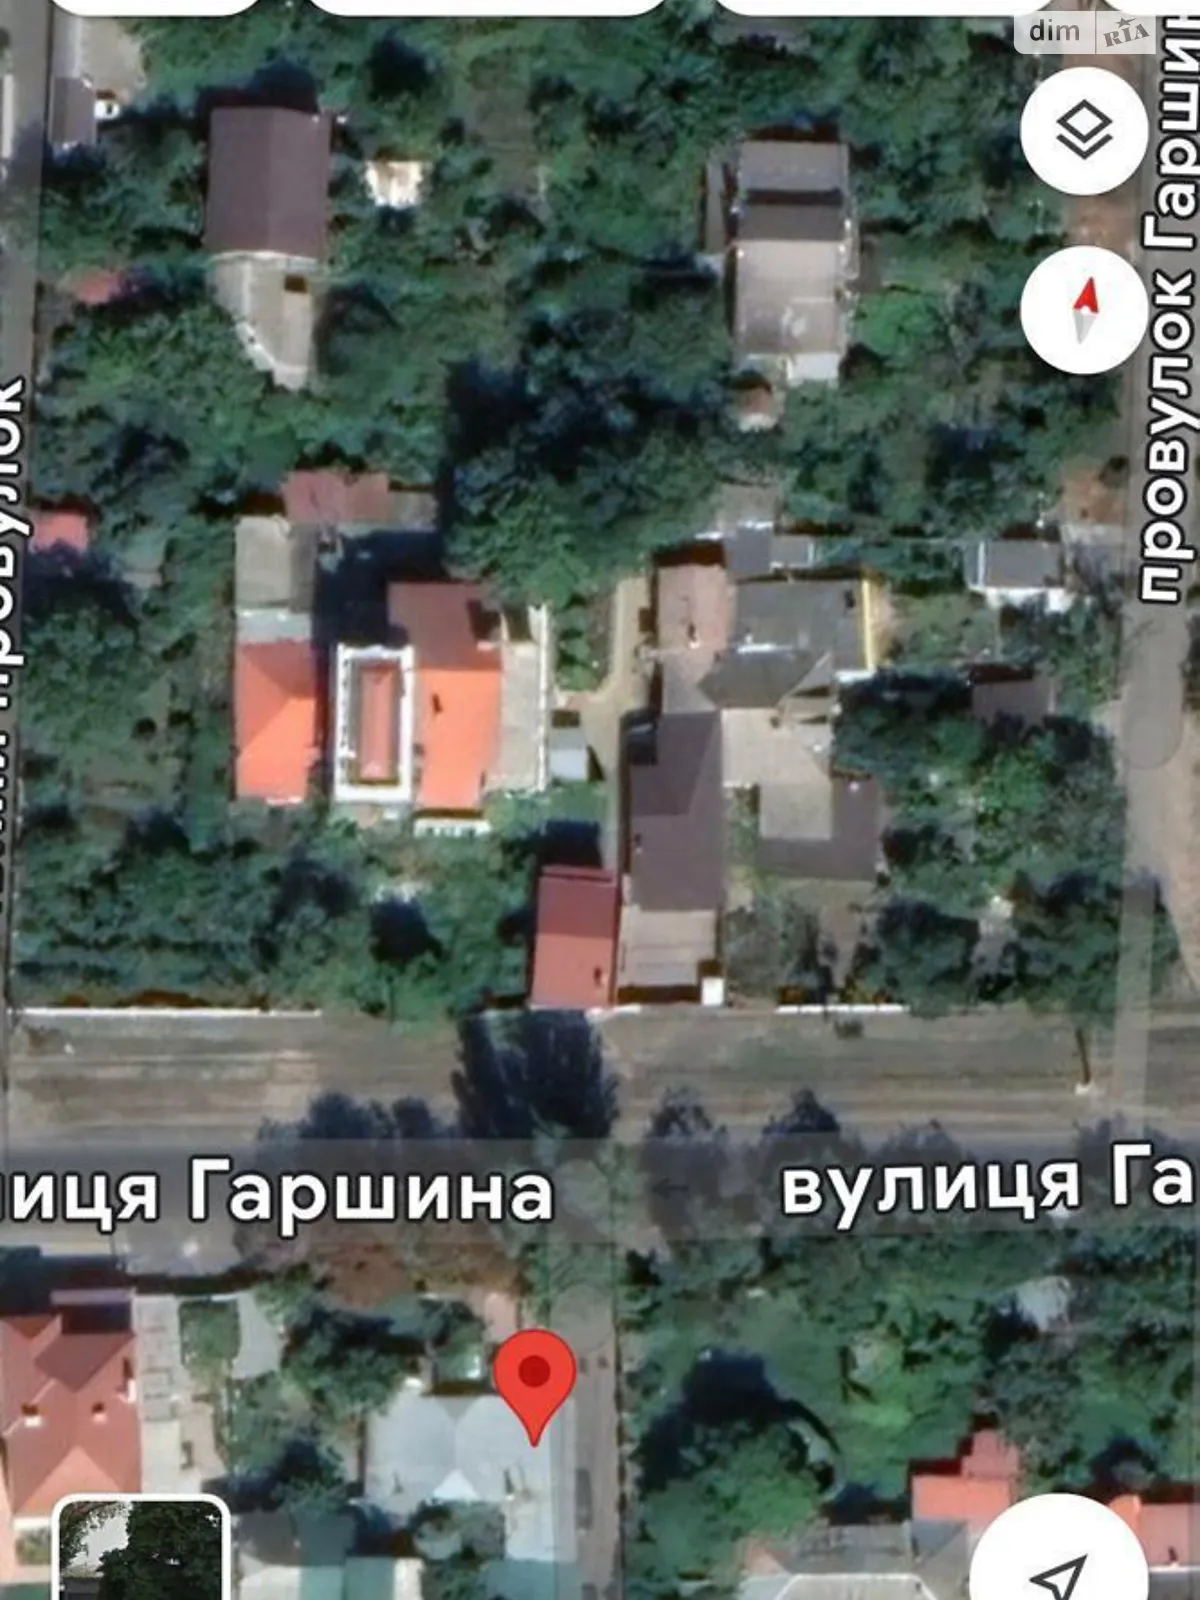 Продается земельный участок 5.5 соток в Одесской области - фото 2
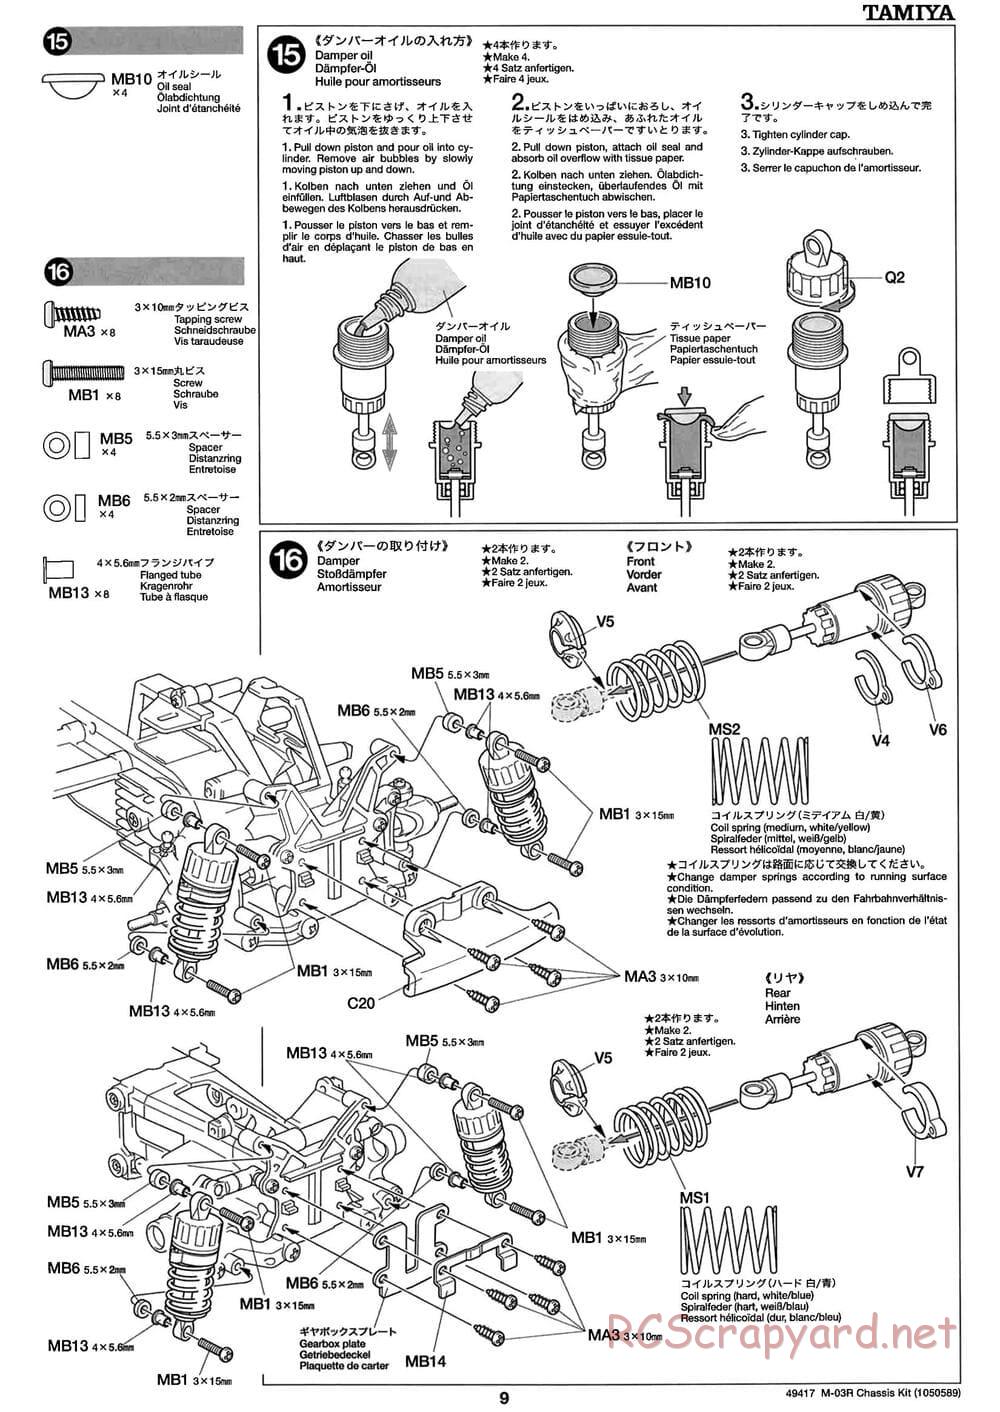 Tamiya - M-03R Chassis - Manual - Page 9
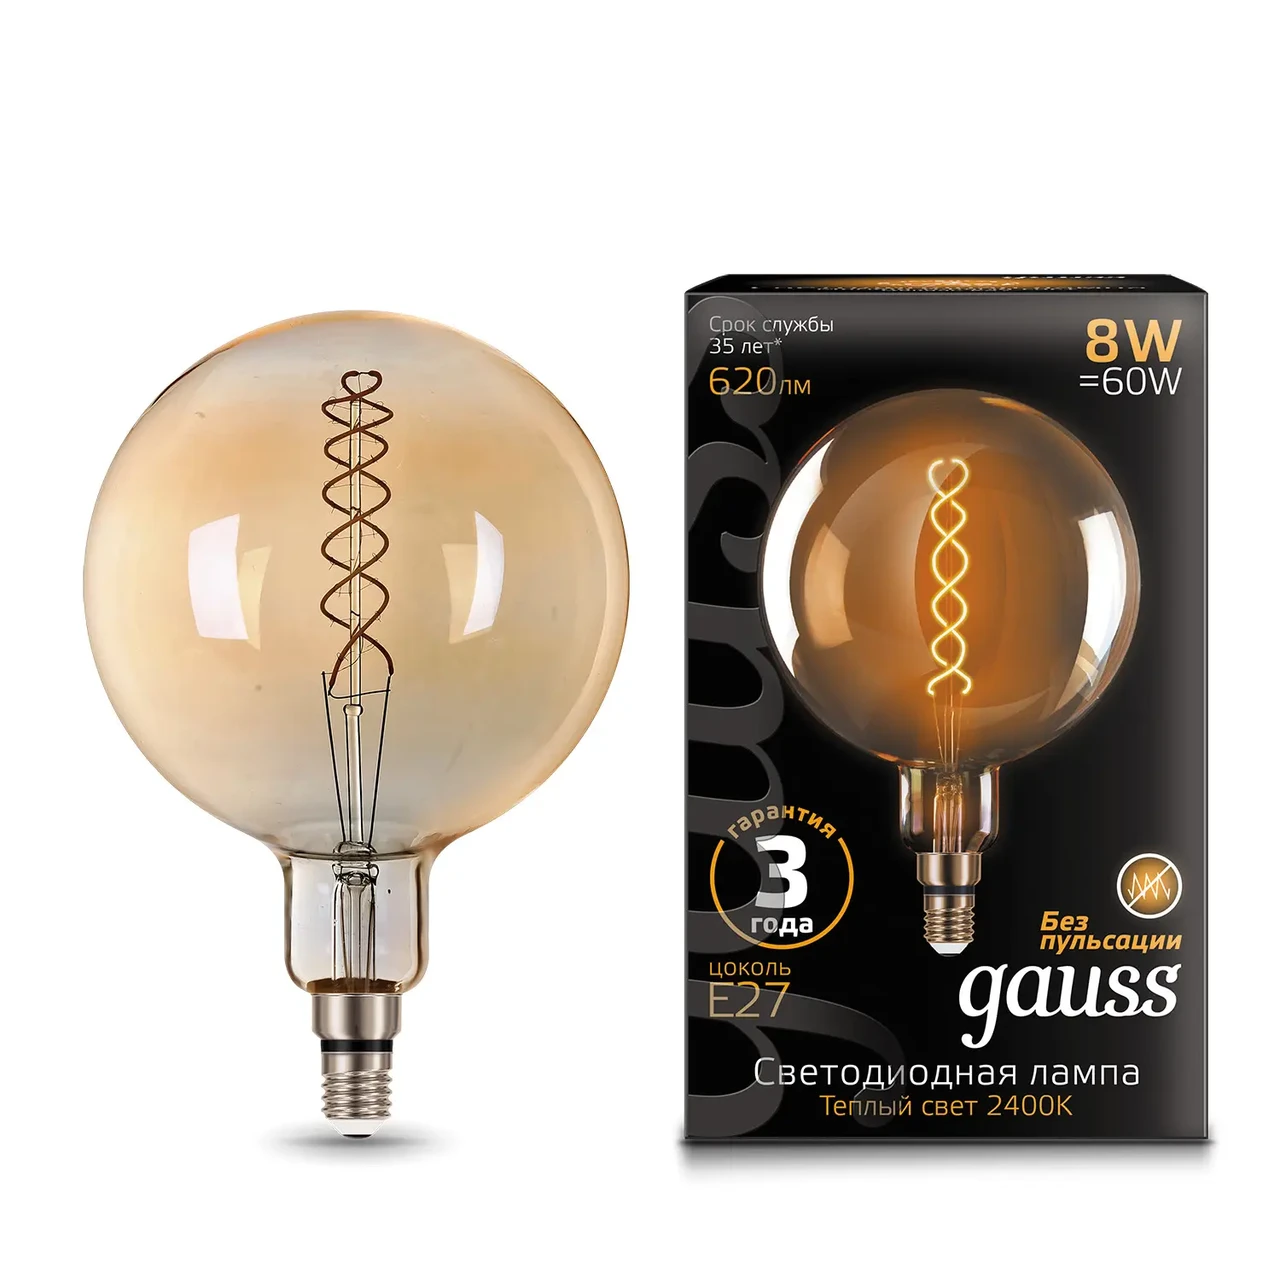 Лампа Gauss Filament G200 8W 620lm 2400К Е27 golden flexible LED 1/6, фото 1
*-*-*
Repeat the listing exactly, minus its pictures.

§ **Finished exercise**
 Продается земельный участок 5.5 соток в Одесской области - фото 2
 Tamiya - M-03R Chassis - Manual - Page 9
 Лампа Gauss Filament G200 8W 620lm 2400К Е27 golden flexible LED 1/6, фото 1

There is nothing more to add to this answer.